• **DATA PROVIDED**:
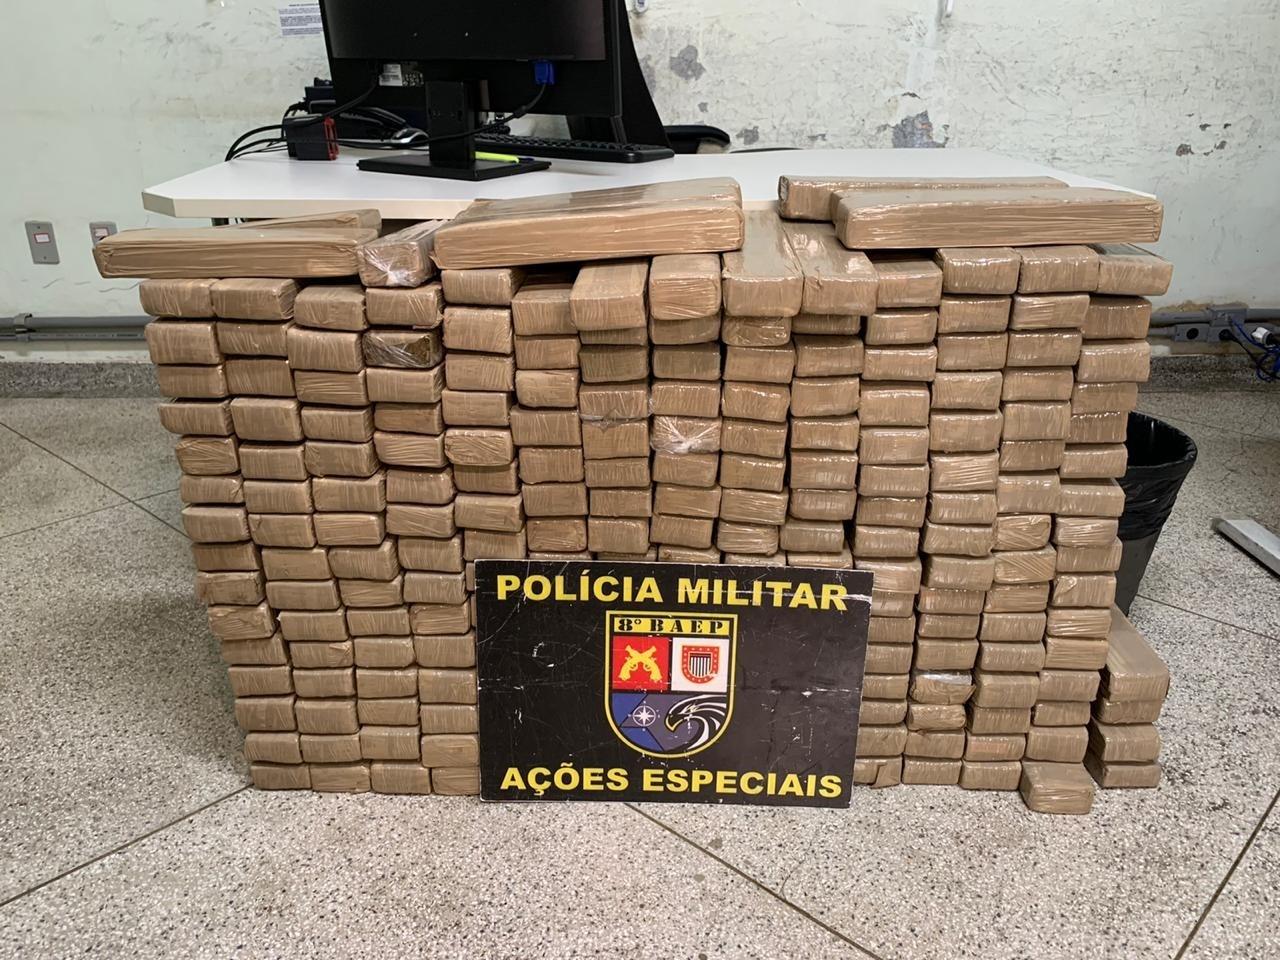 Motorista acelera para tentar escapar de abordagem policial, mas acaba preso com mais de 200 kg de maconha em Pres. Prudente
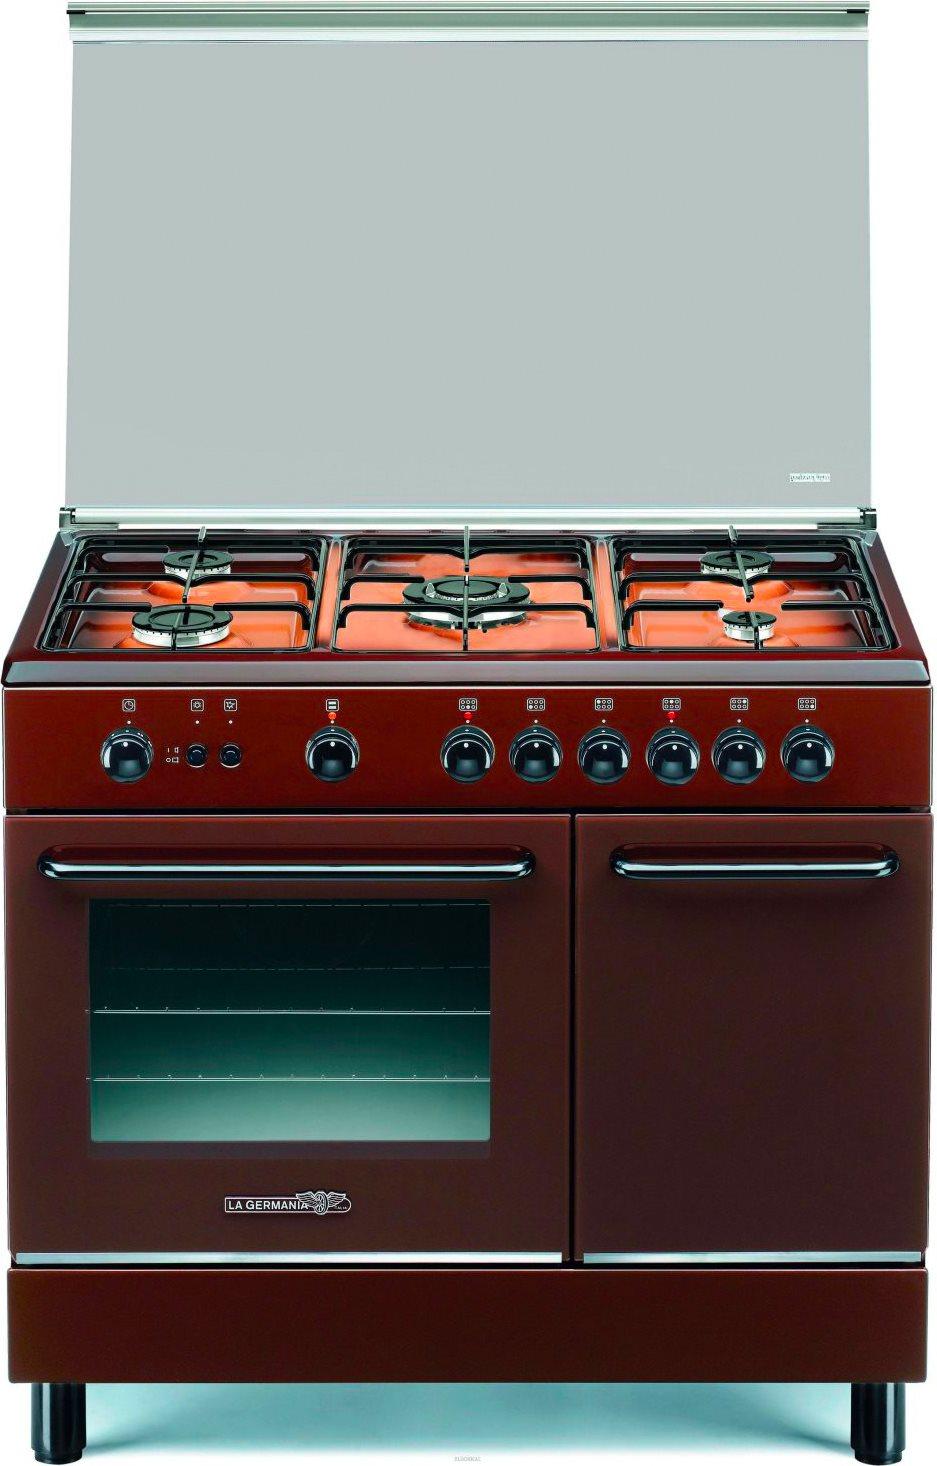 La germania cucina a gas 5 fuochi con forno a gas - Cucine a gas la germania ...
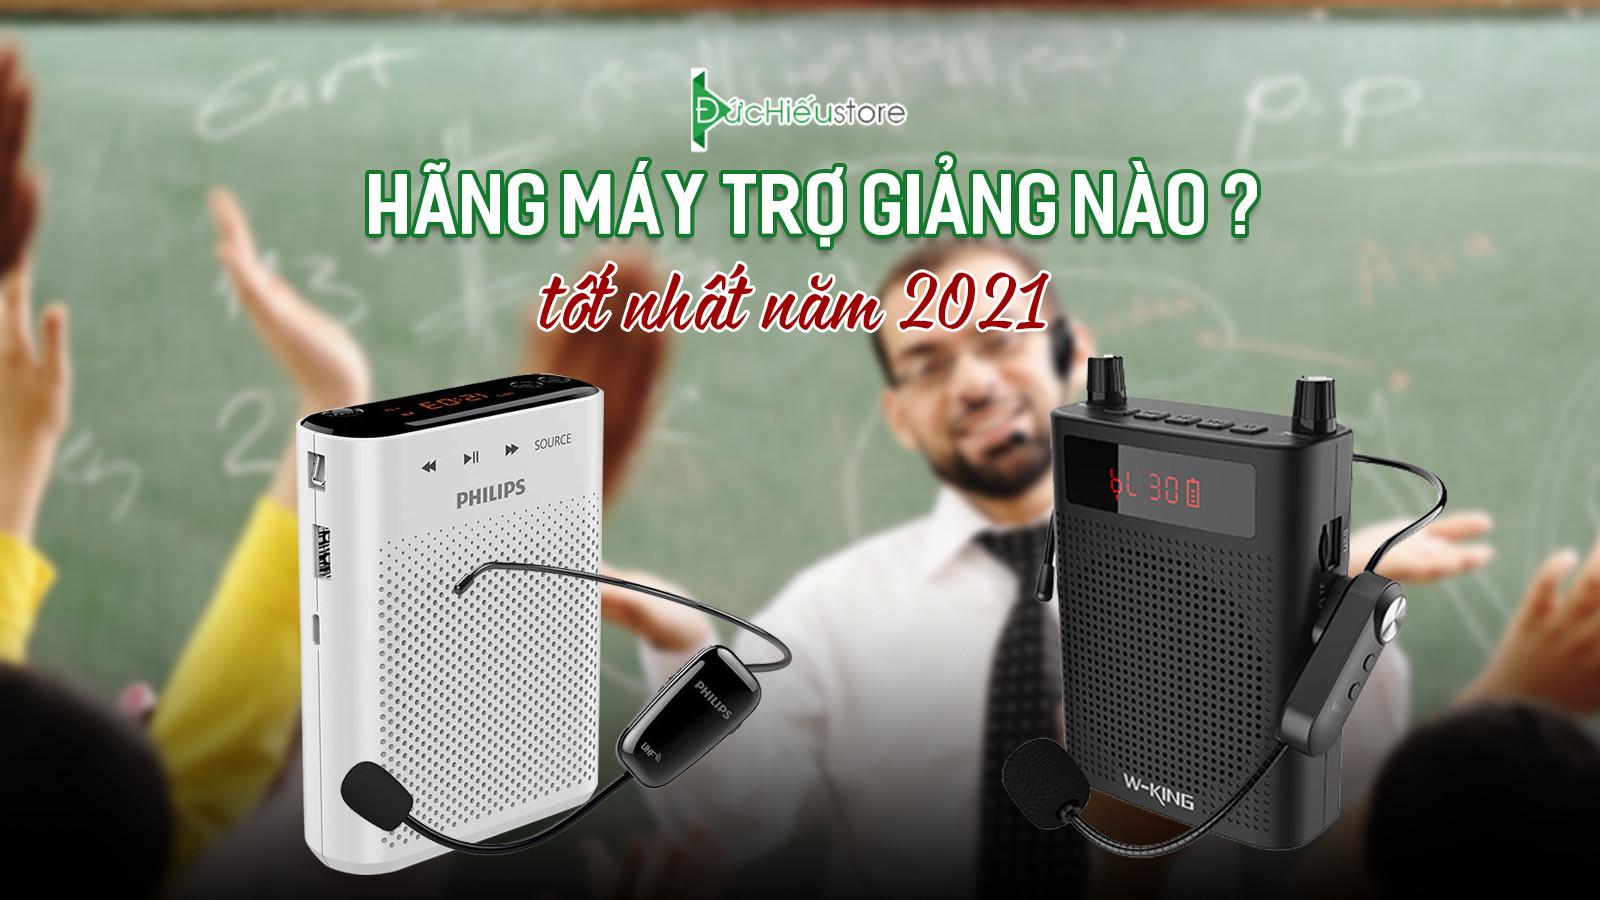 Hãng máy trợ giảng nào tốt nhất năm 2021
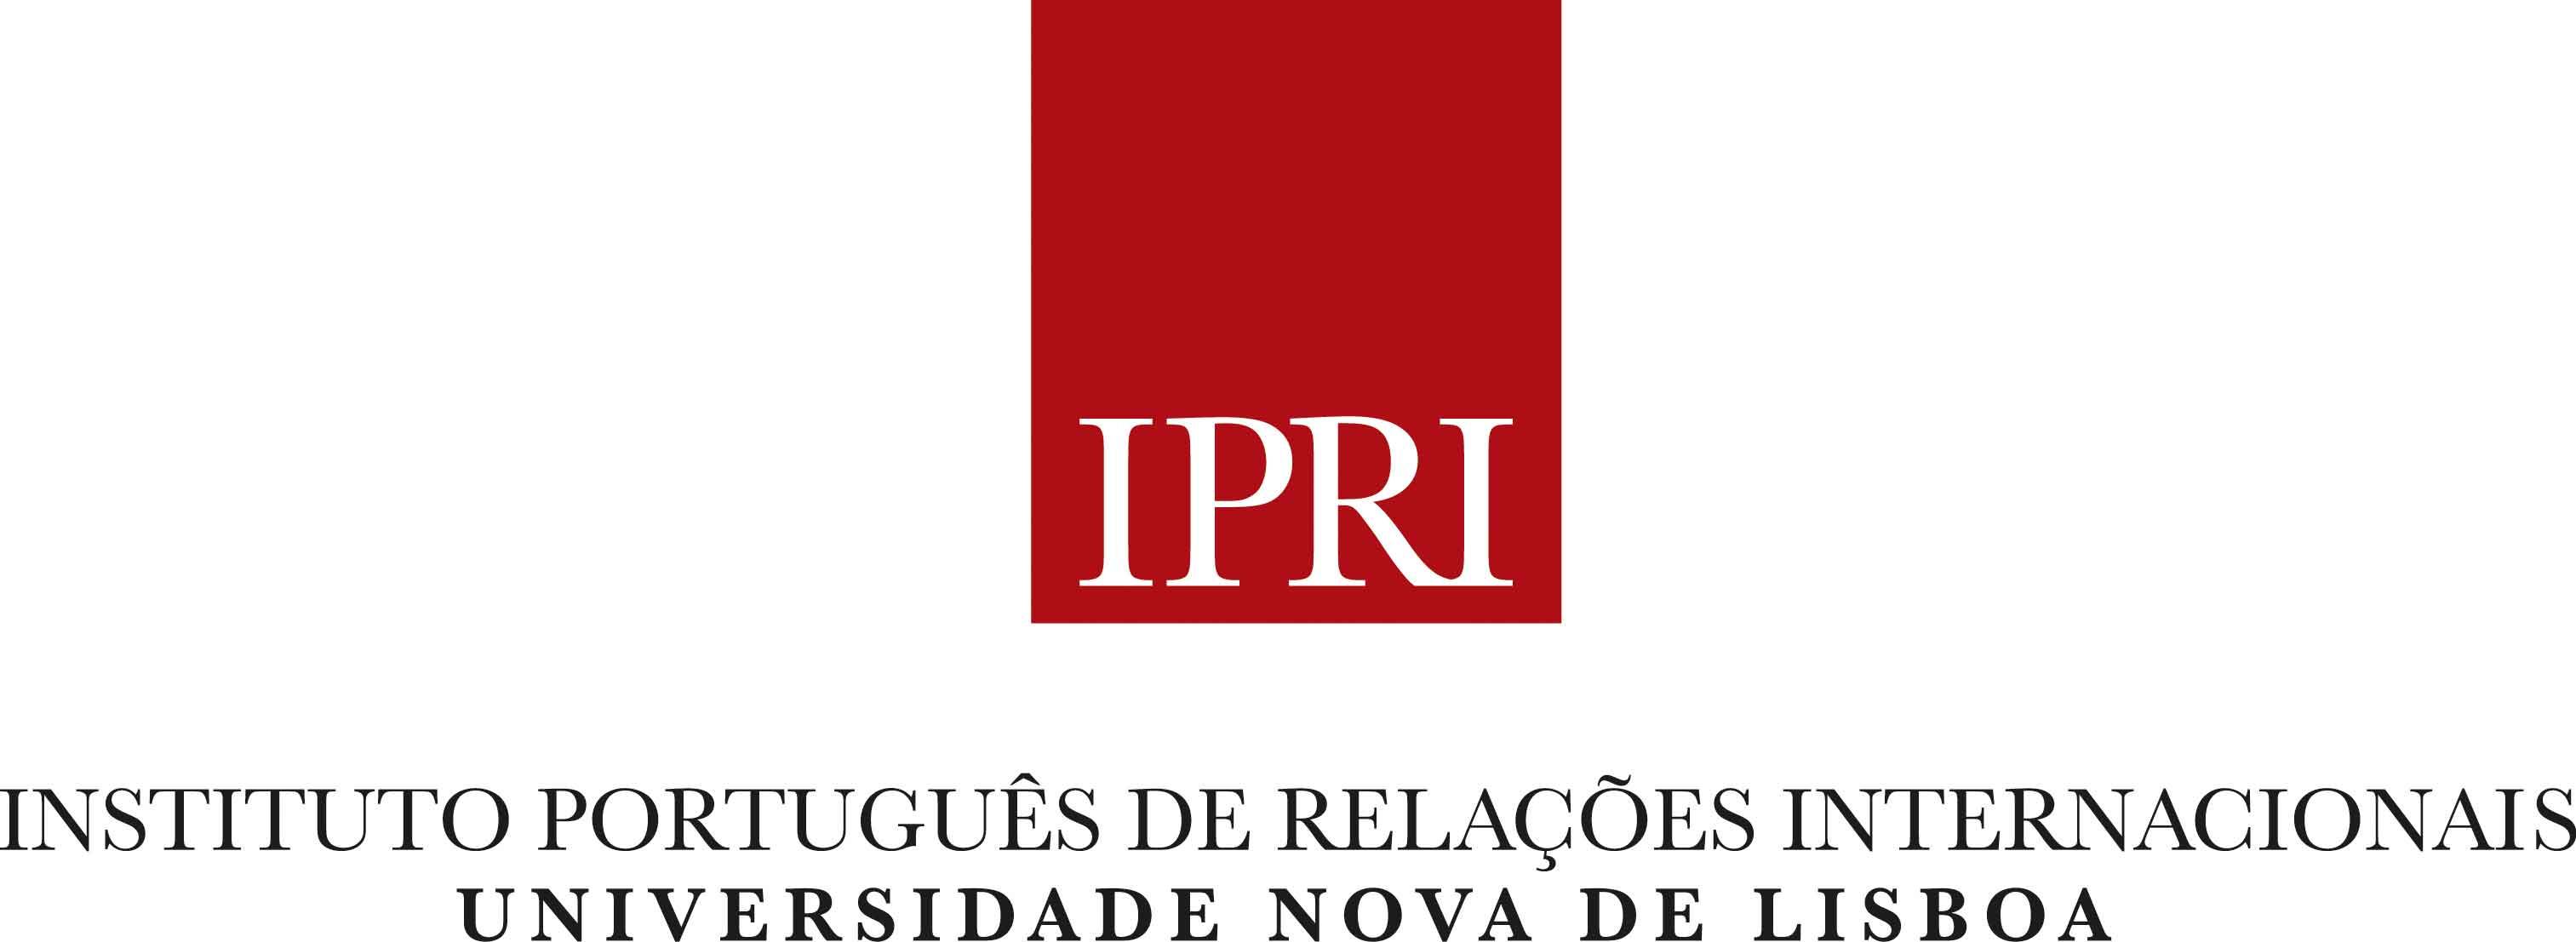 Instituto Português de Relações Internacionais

• **WHAT TO DO**: The lines above should be transcribed exactly, with every image removed.

• **TASK SOLUTION**:
 Motorista acelera para tentar escapar de abordagem policial, mas acaba preso com mais de 200 kg de maconha em Pres. Prudente
 La germania cucina a gas 5 fuochi con forno a gas - Cucine a gas la germania ...
 Hãng máy trợ giảng nào tốt nhất năm 2021
 Instituto Português de Relações Internacionais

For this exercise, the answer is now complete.